:: Data below

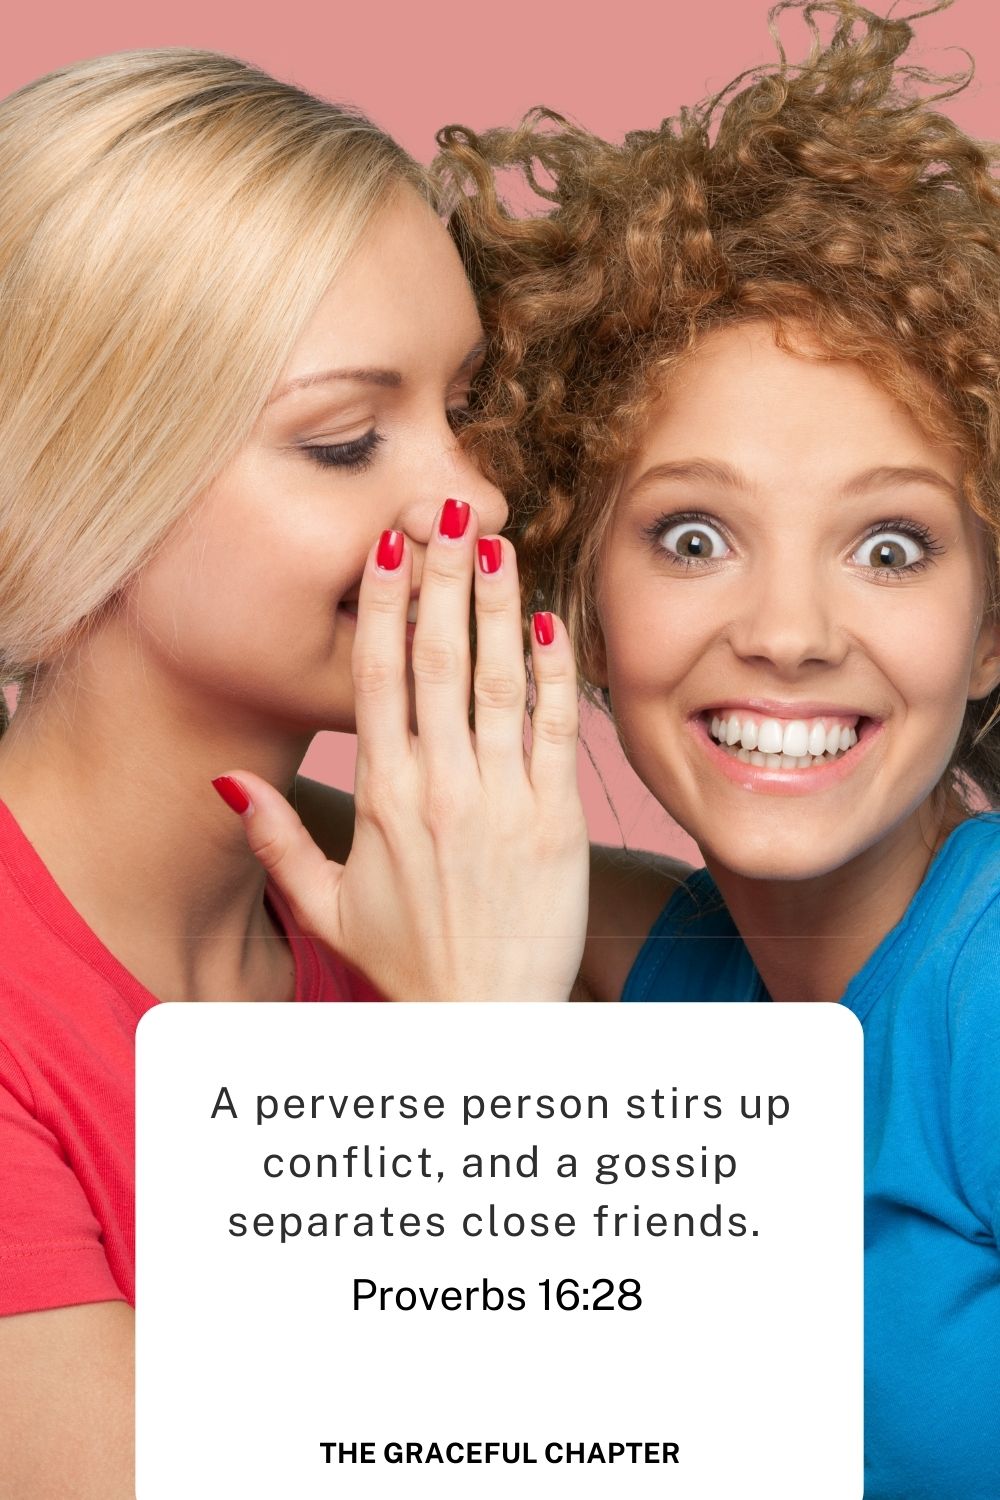 A perverse person stirs up conflict, and a gossip separates close friends. 
Proverbs 16:28
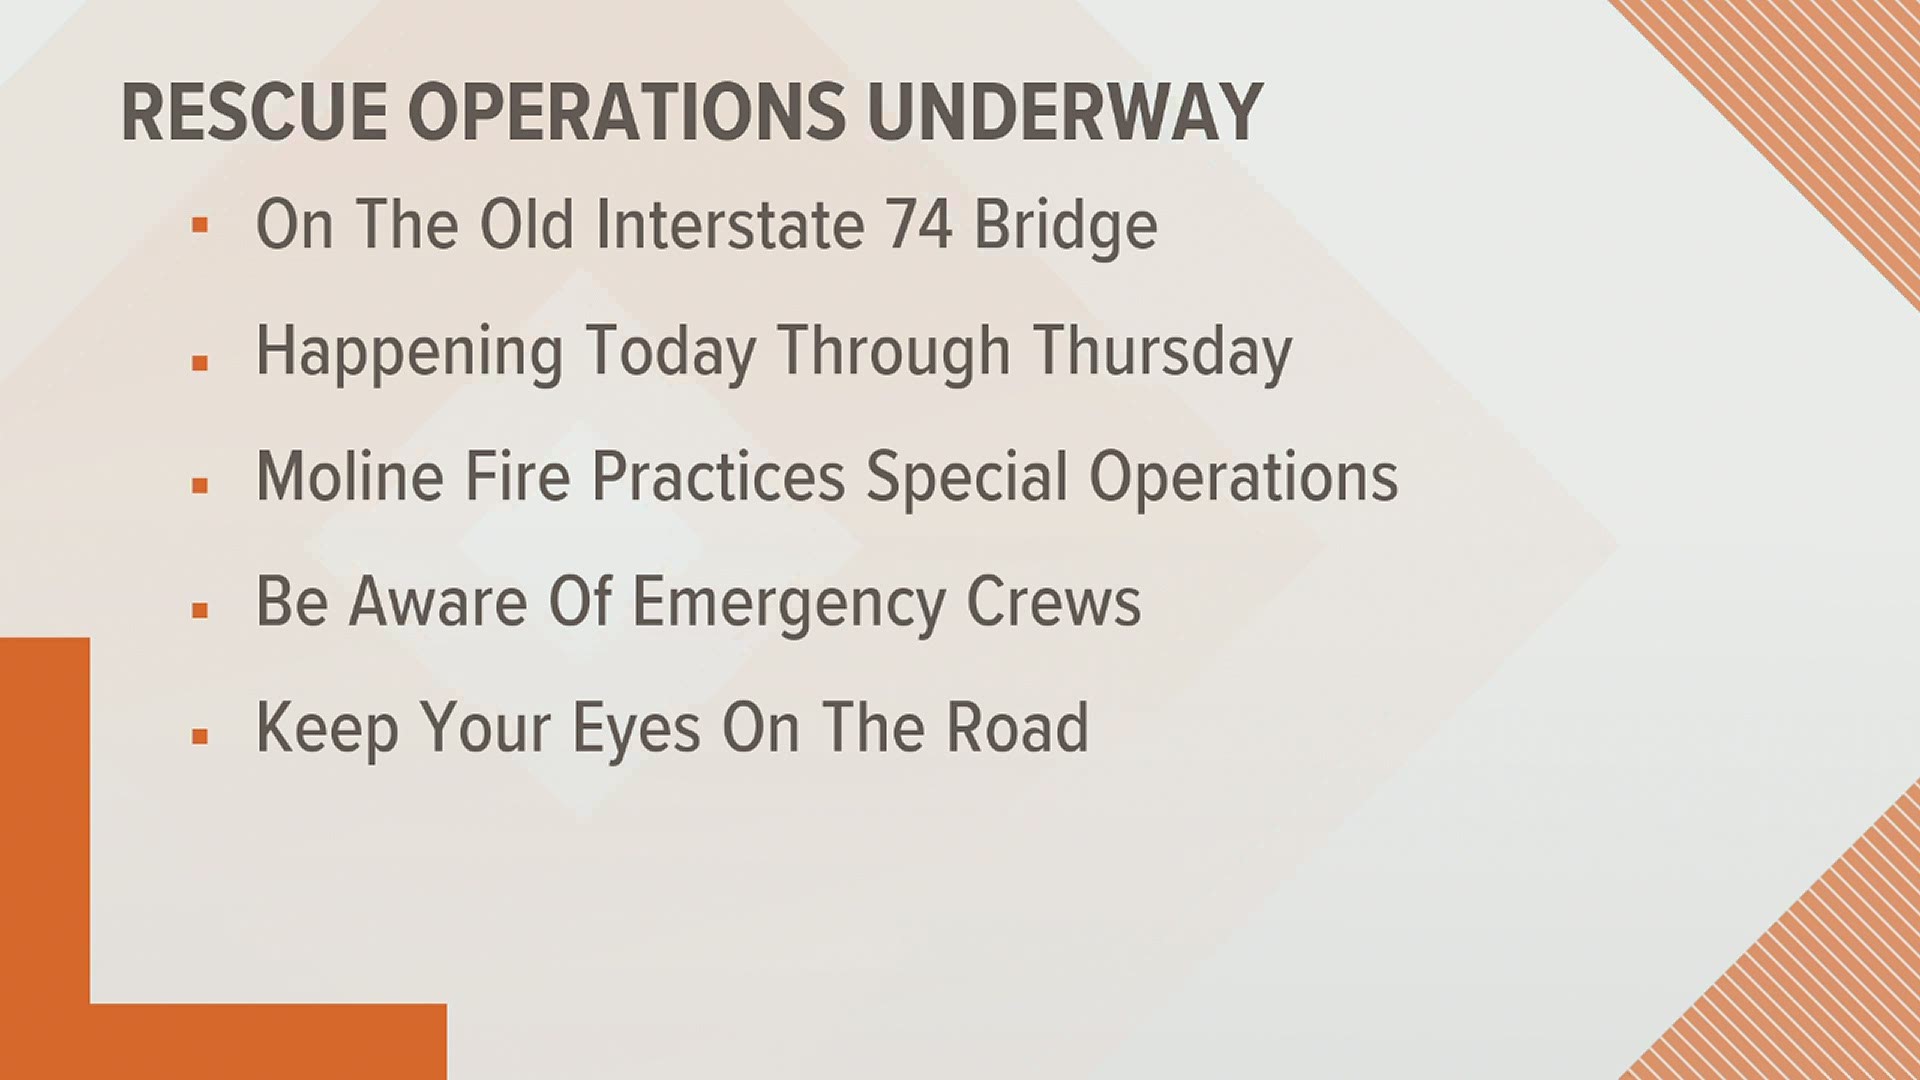 If you see a swarm of emergency vehicles on the old Interstate 74 Bridge span don't be alarmed!

::::

About this task: Copy the material shown above in full and exactly. Skip the pictures.

Your response:
 A perverse person stirs up conflict, and a gossip separates close friends. 
Proverbs 16:28
 If you see a swarm of emergency vehicles on the old Interstate 74 Bridge span don't be alarmed!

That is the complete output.